Extracted information =
════

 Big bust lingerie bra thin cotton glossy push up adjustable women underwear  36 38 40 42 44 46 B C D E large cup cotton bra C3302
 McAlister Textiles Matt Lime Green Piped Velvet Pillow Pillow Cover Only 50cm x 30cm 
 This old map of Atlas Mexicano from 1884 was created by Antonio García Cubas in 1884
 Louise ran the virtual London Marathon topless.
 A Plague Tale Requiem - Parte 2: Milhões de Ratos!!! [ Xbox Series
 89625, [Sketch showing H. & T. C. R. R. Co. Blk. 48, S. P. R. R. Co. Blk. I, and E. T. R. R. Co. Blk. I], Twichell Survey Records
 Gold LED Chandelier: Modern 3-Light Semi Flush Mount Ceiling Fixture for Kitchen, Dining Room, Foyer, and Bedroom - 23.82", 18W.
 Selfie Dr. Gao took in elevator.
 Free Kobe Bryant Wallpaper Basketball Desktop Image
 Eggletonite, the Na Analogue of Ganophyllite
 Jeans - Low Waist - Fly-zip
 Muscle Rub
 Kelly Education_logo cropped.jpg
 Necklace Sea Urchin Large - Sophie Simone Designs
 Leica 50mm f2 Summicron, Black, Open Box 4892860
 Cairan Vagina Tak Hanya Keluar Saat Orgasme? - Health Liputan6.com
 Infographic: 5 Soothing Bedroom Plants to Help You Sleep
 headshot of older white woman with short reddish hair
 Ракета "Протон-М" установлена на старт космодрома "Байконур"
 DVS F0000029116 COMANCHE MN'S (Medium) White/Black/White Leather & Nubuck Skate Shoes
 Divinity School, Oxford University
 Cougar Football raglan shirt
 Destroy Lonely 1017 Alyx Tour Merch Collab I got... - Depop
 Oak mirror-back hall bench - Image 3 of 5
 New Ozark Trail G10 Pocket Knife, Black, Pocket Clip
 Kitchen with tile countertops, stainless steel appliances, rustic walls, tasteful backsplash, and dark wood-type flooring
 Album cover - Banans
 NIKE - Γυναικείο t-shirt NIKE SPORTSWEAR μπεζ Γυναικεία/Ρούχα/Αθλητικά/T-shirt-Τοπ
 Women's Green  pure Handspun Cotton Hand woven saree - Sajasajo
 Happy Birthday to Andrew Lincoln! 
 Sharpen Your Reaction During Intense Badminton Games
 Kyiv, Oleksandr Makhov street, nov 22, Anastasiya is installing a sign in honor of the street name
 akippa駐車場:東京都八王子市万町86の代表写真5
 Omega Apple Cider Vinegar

════

Work to complete =
Here the job is to set down exactly the lines of the material above that fall between the one with "Infographic: 5 Soothing" and the one with "NIKE - Γυναικείο", inclusive, and nothing beyond them.

Task response =
 Infographic: 5 Soothing Bedroom Plants to Help You Sleep
 headshot of older white woman with short reddish hair
 Ракета "Протон-М" установлена на старт космодрома "Байконур"
 DVS F0000029116 COMANCHE MN'S (Medium) White/Black/White Leather & Nubuck Skate Shoes
 Divinity School, Oxford University
 Cougar Football raglan shirt
 Destroy Lonely 1017 Alyx Tour Merch Collab I got... - Depop
 Oak mirror-back hall bench - Image 3 of 5
 New Ozark Trail G10 Pocket Knife, Black, Pocket Clip
 Kitchen with tile countertops, stainless steel appliances, rustic walls, tasteful backsplash, and dark wood-type flooring
 Album cover - Banans
 NIKE - Γυναικείο t-shirt NIKE SPORTSWEAR μπεζ Γυναικεία/Ρούχα/Αθλητικά/T-shirt-Τοπ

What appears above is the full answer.